Dünya’nın konumu, Güneş’in, Ay’ın varlığı, bunların Dünya’ya uzaklıkları, Samanyolu galaksisi içindeki yerleri, büyüklükleri, eğimleri, yörüngeleri, içerdikleri tüm gazlar, moleküller, atomlar, insanın var olması için sürekliliğini korur.

İnsanlardan birçoğu kendisi için her an yaratılan güzelliklerin farkında olsa da olmasa da bu devamlık hiç bir zaman değişmez. İnsanın var olması için özel olarak yaratılan koşullar, her saniye soluduğumuz oksijen bizim için devamlı yaratılır. Allah her an hareket halinde olan atomları ve daha sayısız detayları bizim için sürekli yaratılmaya devam eder. İnsan, hayatta kalabilmesini sağlayacak sayısız nimetle birlikte kusursuz bir şekilde yaratıldığı üzerinde çok düşünmelidir.

Allah, öylesine kapsamlı detaylar yaratır ki, bu dünyanın an an zihnimizde yaratılan birer görüntüler bütünü olduğuna kanaat getirmek kimi zaman zorlaşır. Çünkü Rabbimizin adetullahına göre, Allah’ın yarattığı detaylardaki süreklilik durmaksızın devam eder. Bu, Allah’ın yaratma sanatıdır. Allah ayetinde, “Göklerde ve yerde olan ne varsa O’ndan ister. O, her gün bir iştedir” (Rahman Suresi, 29) şeklinde buyurmaktadır.

Allah’tan sürekli olarak insanlara bir vaat vardır ve bu kusursuz şekilde gerçekleşmektedir. İşte bu gerçek, yaratılıştaki sırrı anlamak için önemlidir. Allah, insanı yaratıp, ona vaat ettiğini, yani ahiret yaratmasını mutlaka gerçekleştirecektir.

İşte bu sebeple Allah, ruhun devamlı olduğunu bize çeşitli vesilelerle sürekli olarak hatırlatır. Bunun için Allah, her şeyde bir devamlılık var eder.

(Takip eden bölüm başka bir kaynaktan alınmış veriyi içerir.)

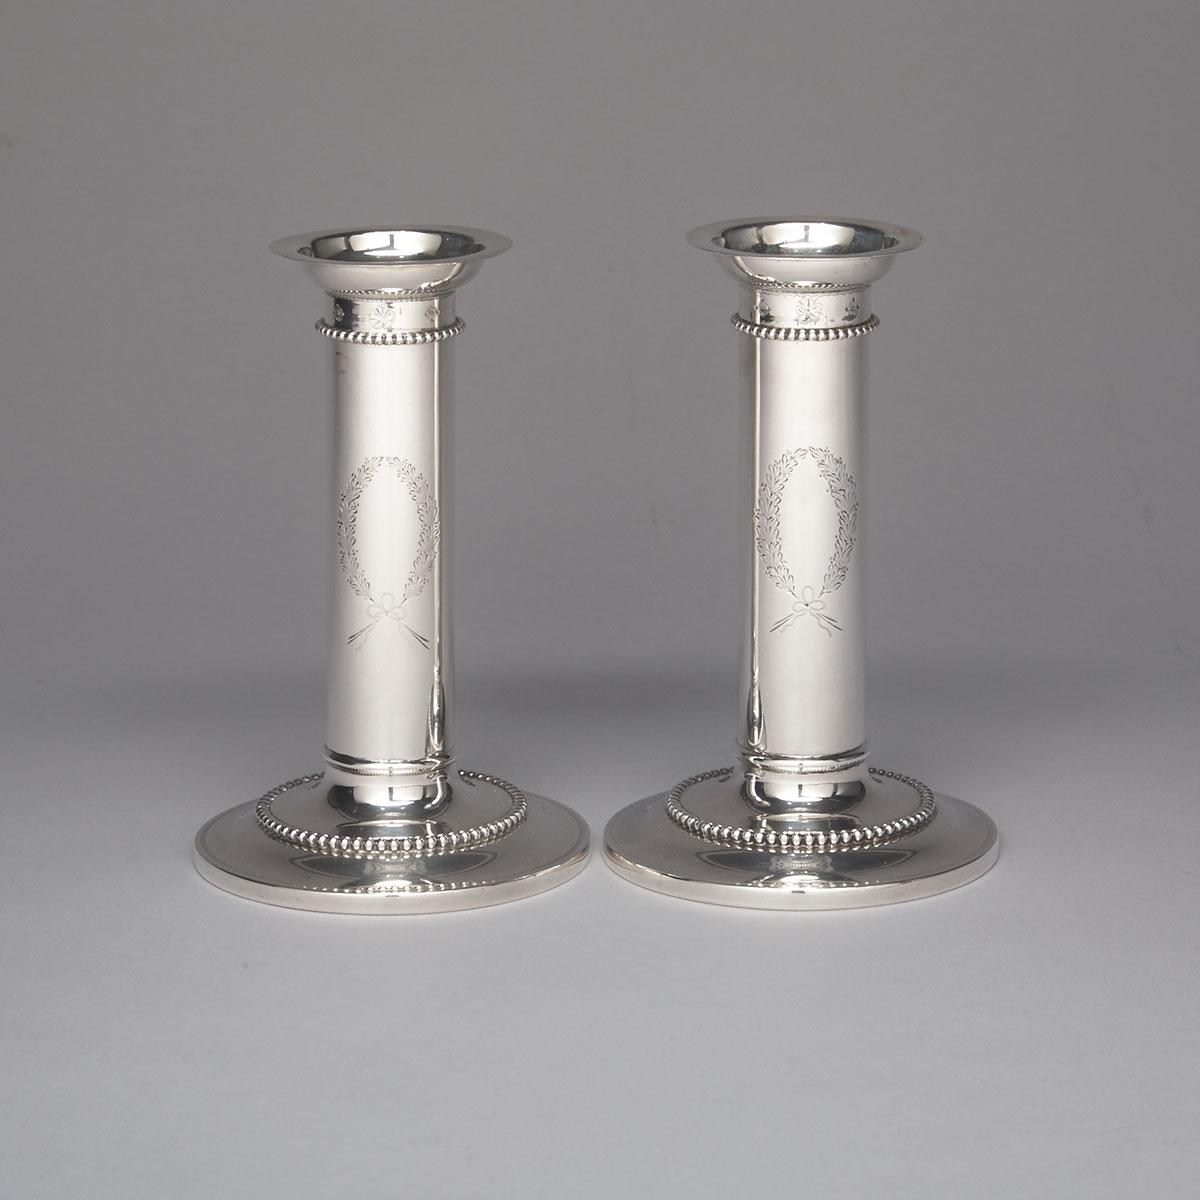 Pair of American Silver Candlesticks, Goodnow & Jenks for Bigelow, Kennard & Co., Boston, Mass., early 20th century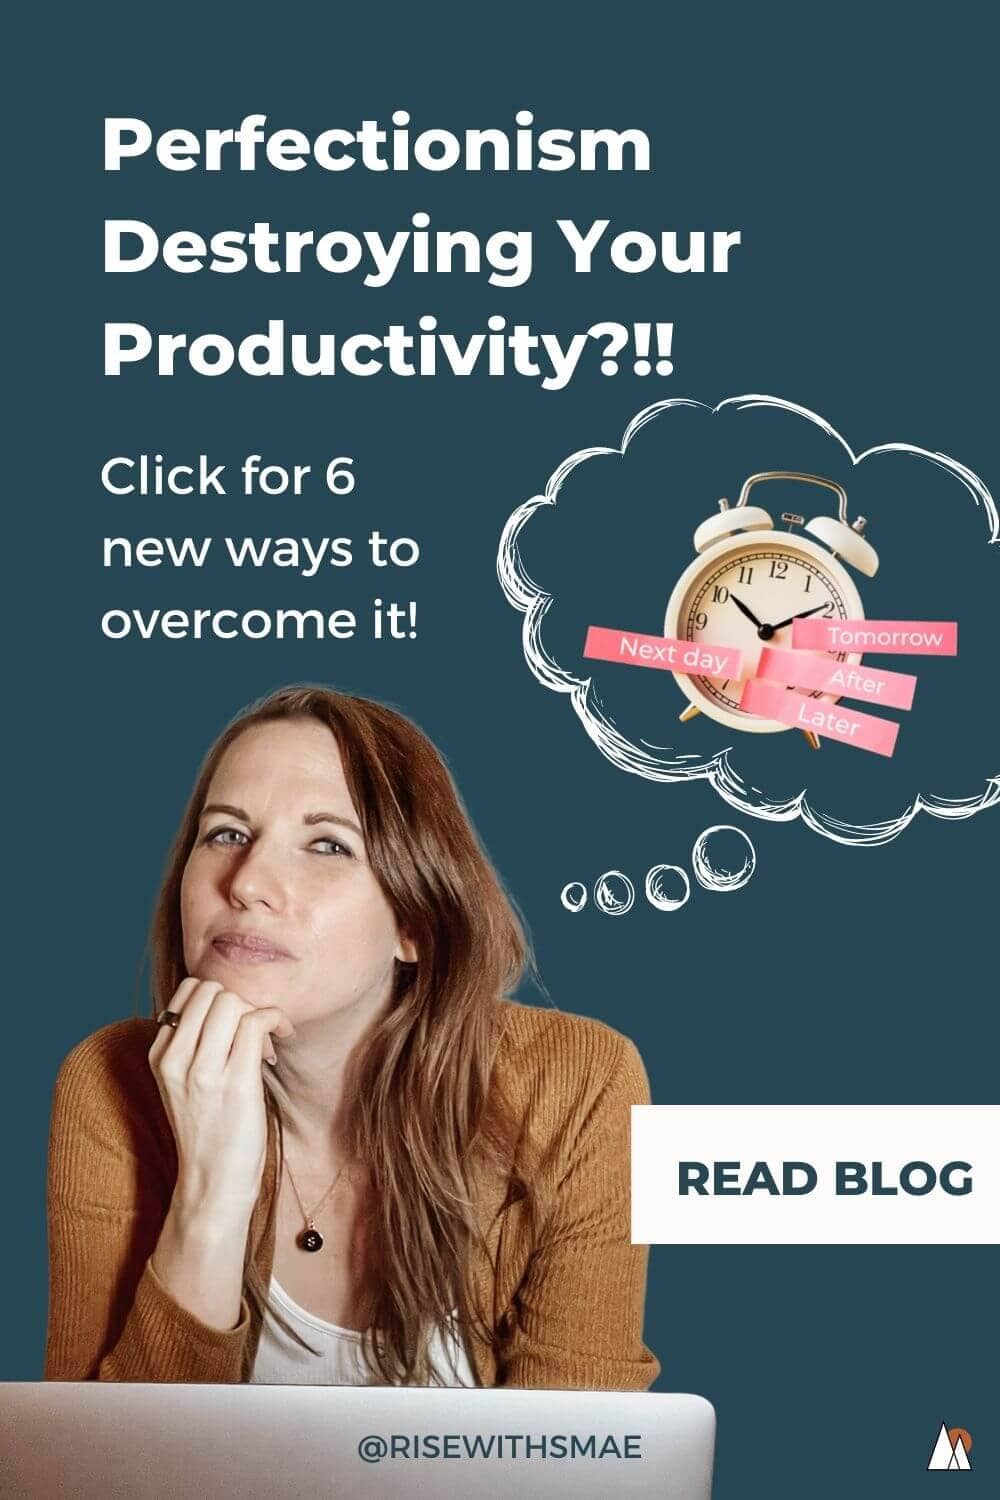 Perfectionism is Destroying Your Productivity – 6 Ways to Overcome It Now

Dünya, Güneş etrafında döndüğü için değil, Allah dilediği için mevsimler peş peşe gelir. Bir çekim kuvveti olduğundan değil, Allah dilediği için Dünya sürekli dönmektedir. Allah dilediği için Güneş sürekli doğar, Allah dilediği için sürekli gece olur. Allah dilediği için DNA durmaksızın kopyalanır, hücreler devamlı yenilenir. Çünkü Allah her şeyi bir süreklilik içinde yaratmıştır. Bu, Allah’ın yaratmasındaki muhteşemliğin bir başka tecellisidir. Ve işte bu devamlılık, insanın ahireti anlaması için bir işarettir.

Bizler, hiç durmaksızın Allah’ın koruması ve nimeti altında yaşarız. Allah bizleri hiç durmaksızın ağırlar, bizlere güzellik ve bereket sunar. Allah’ın yüce kudreti, merhameti ve sevgisi kesintisiz olarak üzerimizdedir.

Beynimizin içinde kusursuzca, kapsamlı ve güzelliklerle dolu olarak yaratılmış olan dünyamız, bize Allah’ın lütfudur. Bizleri de, yaşadıklarımızı ve gördüklerimizi de, nimet olarak bize gelenleri de, hislerimizi ve düşüncelerimizi de Allah yaratır. İşte bu nedenle sevilmeye, övülmeye, yüceltilmeye layık olan tüm âlemlerin Sahibi ve Yaratıcısı olan, lütfu geniş olan yüce Rabbimiz Allah’tır.

“Şüphesiz, senin Rabbin, insanlara karşı büyük lütuf (fazl) sahibidir, ancak insanların çoğu şükretmiyorlar” (Neml Suresi, 73).

Geçtiğimiz yüzyılın değerli İslam âlimi Bediüzzaman Said Nursi, bu gerçeği şu sözlerle ifade etmiştir: “Başını kaldır, gözünü aç! Şu kâinat kitab-ı kebirine bir bak; göreceksin ki; o kâinat heyet-i mecmuası üstünde, büyüklüğü nispetinde bir vuzuh (netlik) ile hatem-i vahdeti (tekliğin mührünü) gösteriyor.”